In the 1980s, personal computers fueled a desktop publishing revolution. Software let people create documents with powerful flexibility from their desktops. Yet before these creations could have impact on the real world, they had to be printed on paper, magnetic tape or film. The Internet connected only the scientists and hackers — the majority of computers were isolated with software transmitted on physical disks.

hands on keyboard in sunlight The Internet began as a communications medium: a way to send messages across networks. The need for human-to-human communication across institutional boundaries led to standardization of a resilient messaging protocol (TCP/IP) in the 1970s. By the mid 1990s, email was common, but not universal; the web popularized the Internet as a new publications platform. Initially technical papers were linked across dozens, then hundreds of computers. Then, digital retail brochures dominated the landscape and billboard sported web addresses for the first time.

Blogging started as a simple way to update web pages using date-stamped content. The format became standardized with software that helped people write in a way that they had been writing online for a decade, and on paper for centuries. I started this blog in 2002, and I remember when SixApart introduced a new feature that connected blog posts to each other, establishing patterns for readers as well as authors. “Trackbacks” allowed me to easily see who linked to a post I had written, and for the first time, I experienced a social network forming through interactions fostered asynchronously by words written, read and referred to. It felt like a new digital realm.

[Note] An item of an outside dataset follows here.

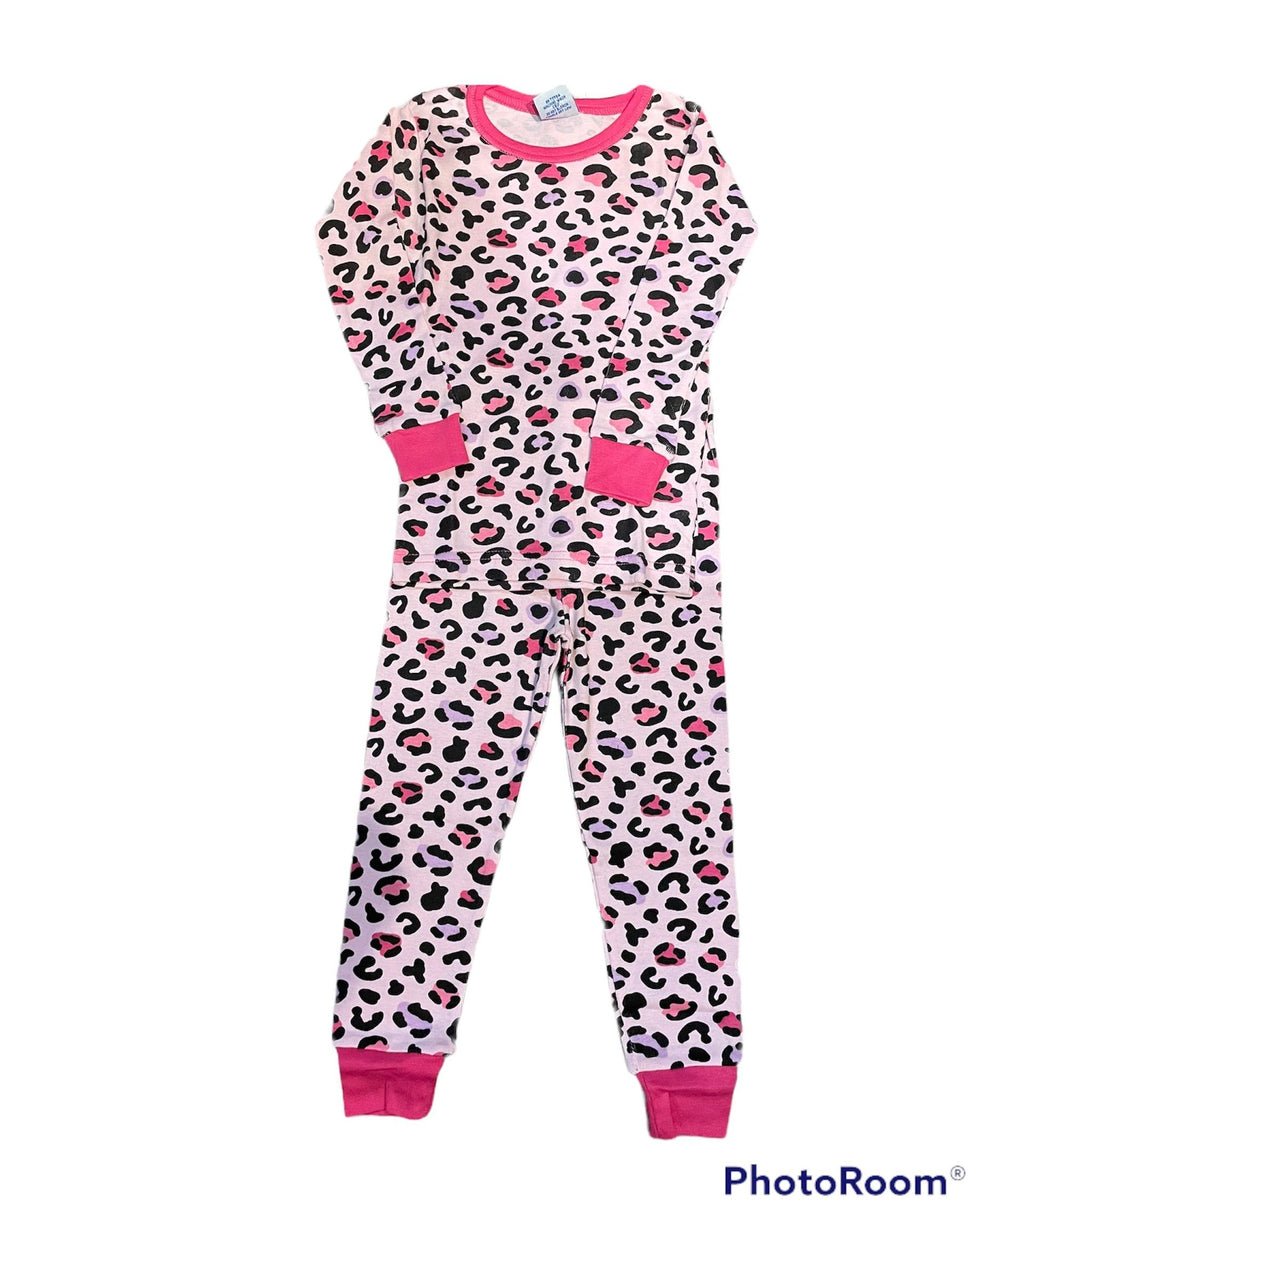 2pc pink cheetah pajamas
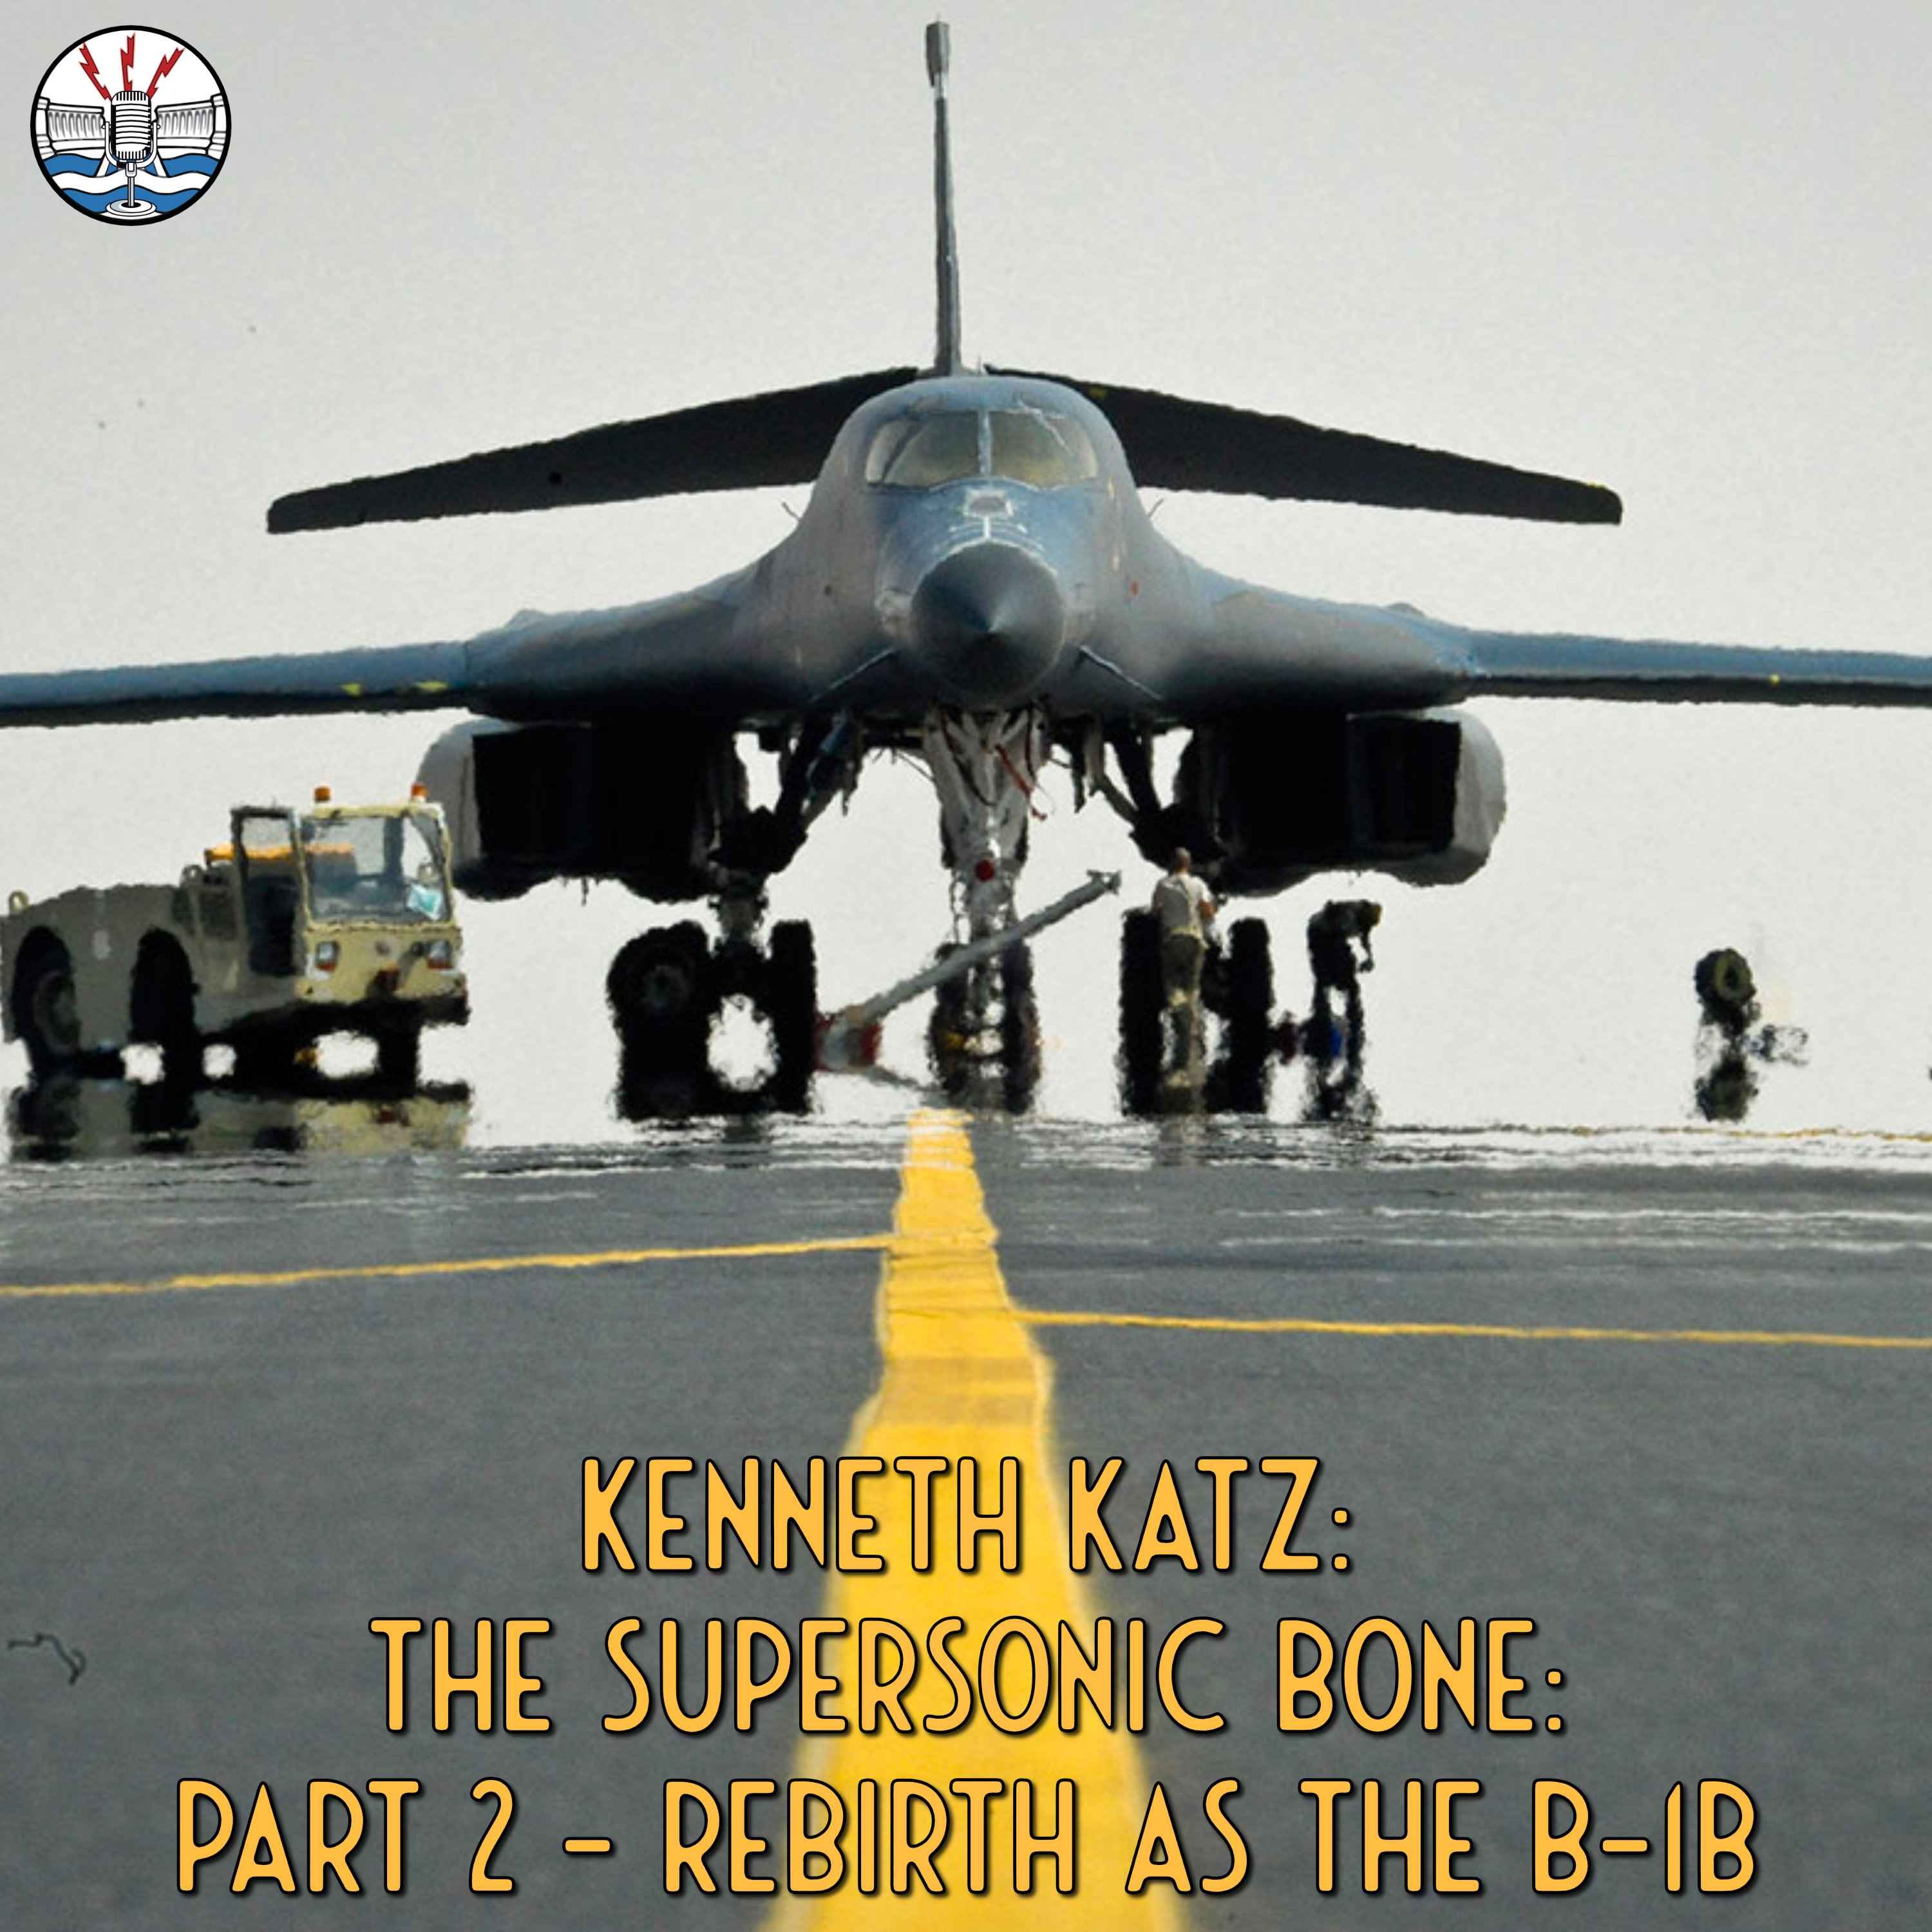 Kenneth Katz: The Supersonic BONE: Part 2 - Rebirth as the B-1B

Now we have so many ways to self-publish, to reach audiences instantaneously across the world, to find the people who want to hear what we have to say. We’re still empowering a subset of the population: young, urban, wealthy, educated Americans are much more likely to use the internet (according to a 2015 Pew Research Report). It is no surprise that the 15% not yet online are not evenly distributed. Nevertheless, this new generation has emerged who feel entitled to a voice. In this online realm that is as imperfect, biased, and broken as the physical world, we have created the potential for a new kind of democracy, where we can choose the voices who represent us through following and sharing.

For the past year, I’ve been working on a small social network focused on culture change within the US government: Open Opportunities is a deceptively simple system allowing federal employees to post projects that other employees can sign up to work on for their own professional development. We’re mirroring actual collaboration that happens (rarely) in the real world by people who have well-developed networks, allowing them to find and collaborate with others across this huge organization with 2.7M employees. Participation requires supervisor approval, yet we allow the individual to confirm rather than requiring a byzantine series of forms that is more typical for government software. Federal employees are already held to high standards for ethics and must be responsible and knowledgeable about the legal implications of their actions, which allows us to instill a respect for individual responsibility into the design of the software service. Less software can sometimes offer more power as we seek to facilitate interactions that take place outside of software, empowering people to create impact in the real world.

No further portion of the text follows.